WASHINGTON—Representative Edward Markey on Friday called on Congress to quickly establish cohesive oversight of compounding pharmacies following the deadly outbreak of meningitis linked to a Framingham pharmacy.
“Right now, compounding pharmacies are governed by patchwork regulations, with federal and state agencies engaging in piecemeal oversight,” said Markey, Democrat of Malden and the senior member of the House Energy and Commerce Committee.
“This is unacceptable. Congress must act immediately to address these gaps in the fragmented regulatory system over compounding pharmacies to ensure the safety and well-being of patients.”
Congress is in recess until the end of the elections. Markey said he plans to introduce legislation intended to fill the regulatory gaps laid bare by the outbreak, which has killed at least 14 and exposed about 14,000 people to a tainted steroid injection that authorities contend was made by New England Compounding Center.
Markey said compounding pharmacies, which manufacture customized medicine, must comply with minimum safety standards and must provide warnings to patients that compounded pharmaceuticals have not been approved as “safe and effective” by the Food and Drug Administration, which regulates the drug industry.
Earlier this week, Markey sought answers from the FDA to ascertain what levels of oversight should be imposed on the facilities, which mostly operate outside the authority of federal regulators.
“Compounding pharmacies fall into a regulatory black hole,” Markey wrote in a letter addressed to FDA chief Margaret Hamburg. “State regulators have primary oversight responsibility over these pharmacies; however, limited state resources and varying standards and regulatory requirements affect the adequacy of state regulation.”
On Saturday, the Framingham pharmacy issued a recall of all of its drugs.
Specialized drugs from compounding pharmacies account for 37 million prescriptions every year, according to data compiled by Markey’s office. The resulting drug formulations are used by patients who cannot use traditional medications or have allergies to dyes and fillers used by traditional drug companies.
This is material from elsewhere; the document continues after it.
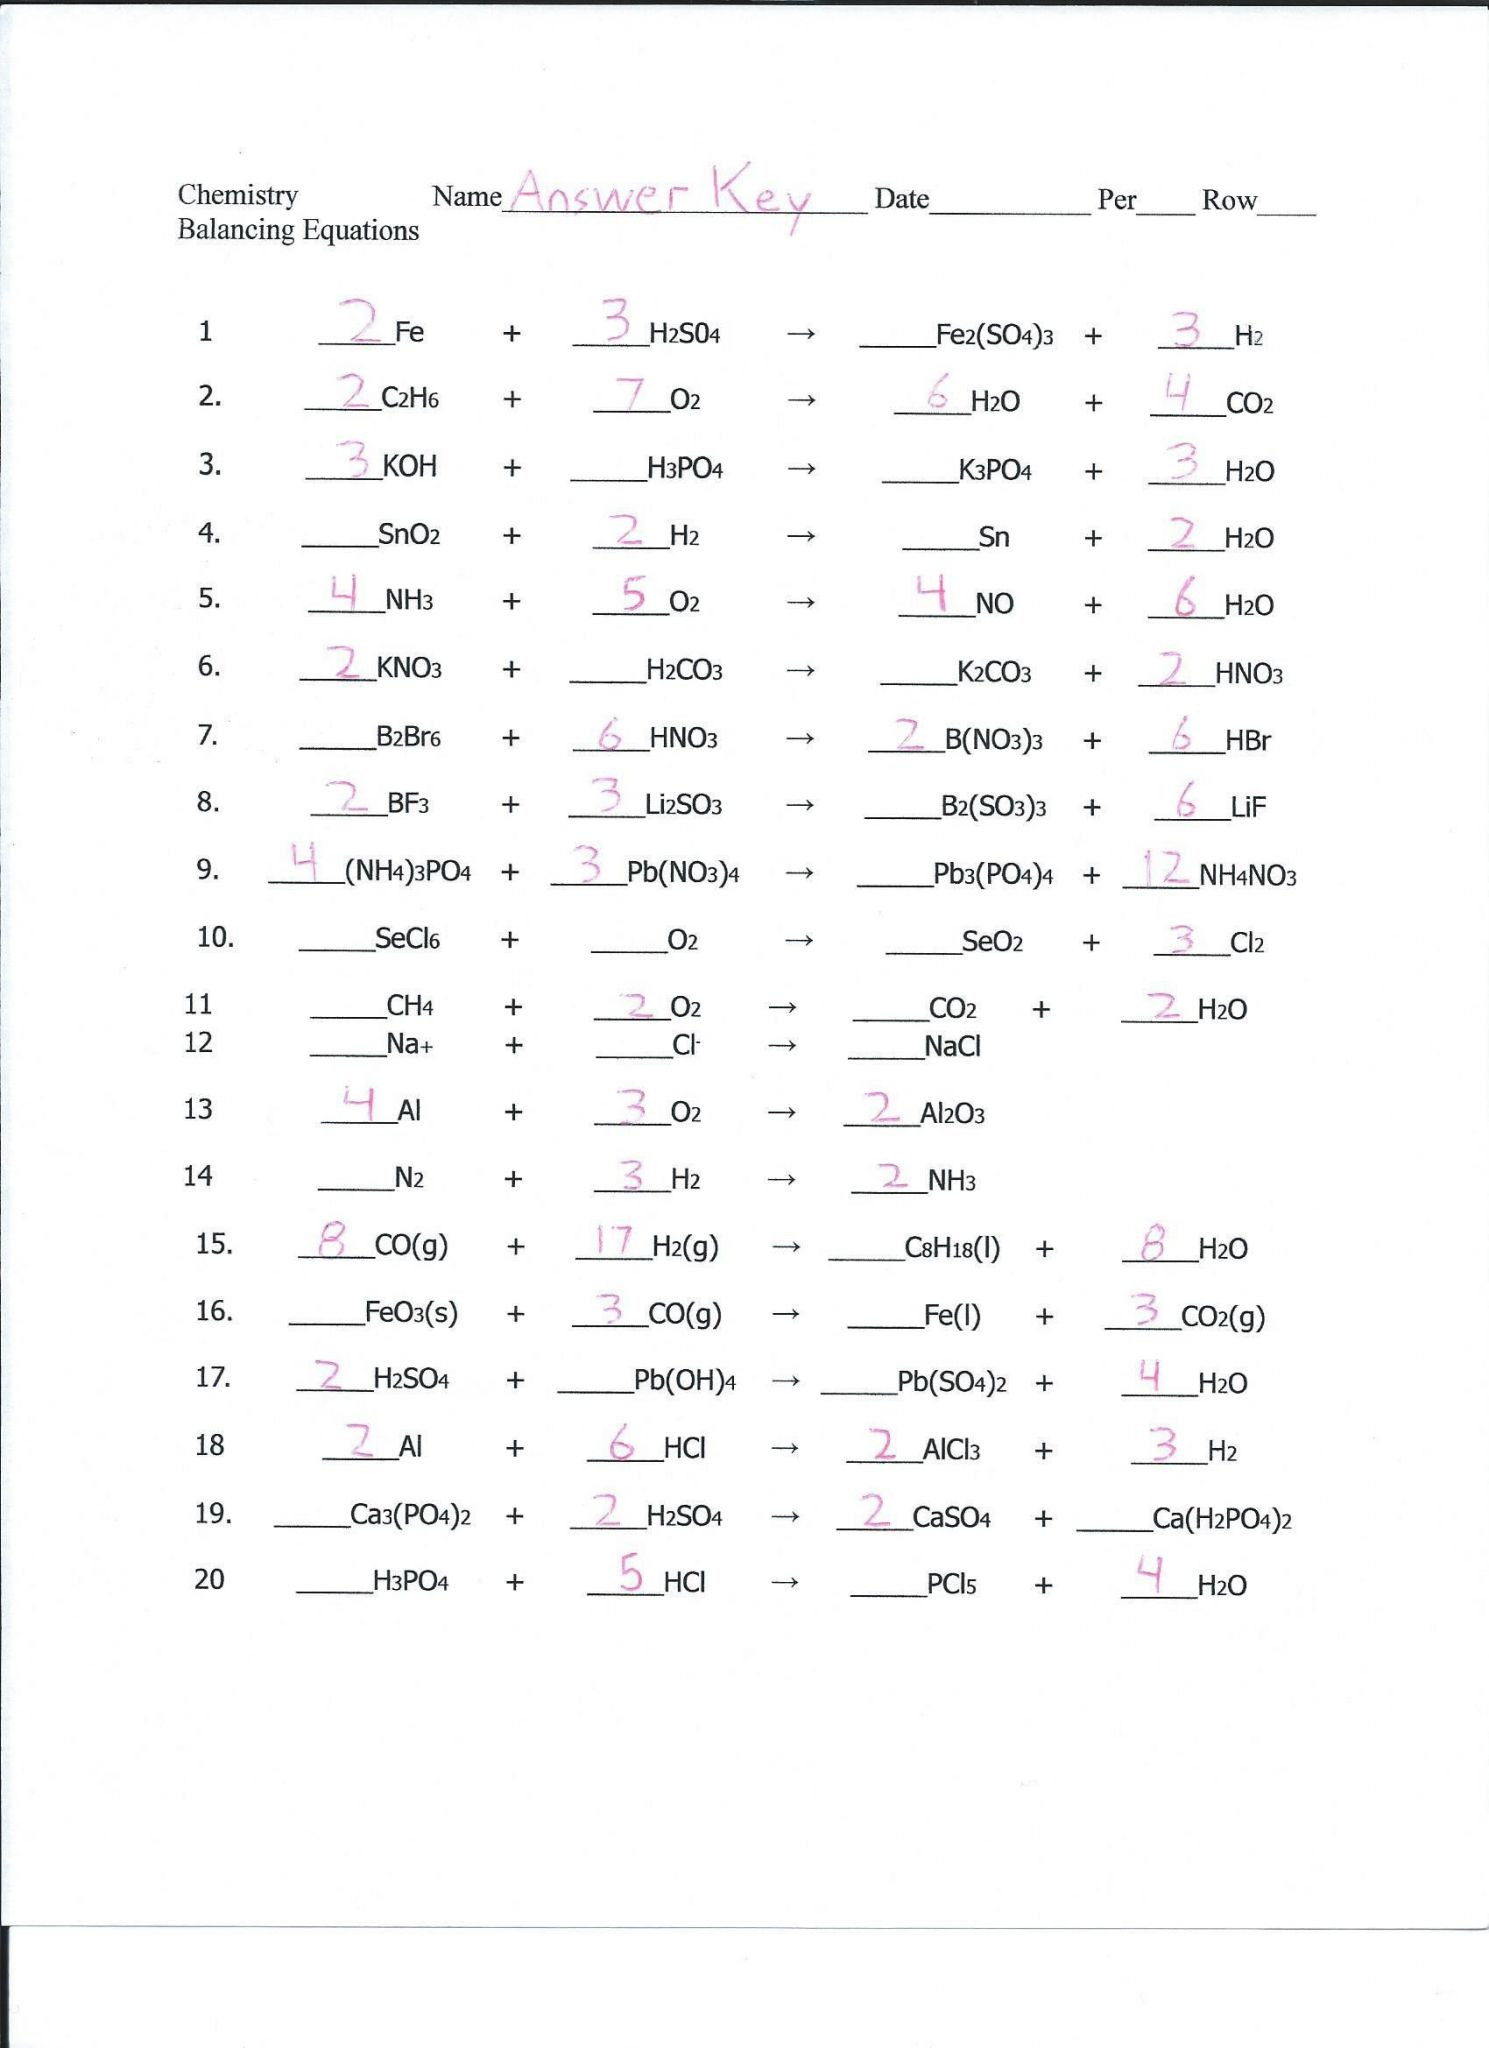 Chapter 7 Worksheet 1 Balancing Chemical Equations Answers — db-excel.com

“If compounding is done on a large scale and is not done properly, compounders can expose large numbers of patients to health risks associated with unsafe or ineffective medications,” Markey wrote.
In his letter, the Malden Democrat asked the FDA to respond to questions about how much it knows about how compounding pharmacies operate—including how their products are sold and marketed, particularly online.
More importantly, Markey asked, “does FDA have the statutory authority it needs to ensure the safety of consumers with respect to drugs made by compounding pharmacies? Does FDA believe that new legislation is needed to strengthen federal oversight over compounding pharmacies?”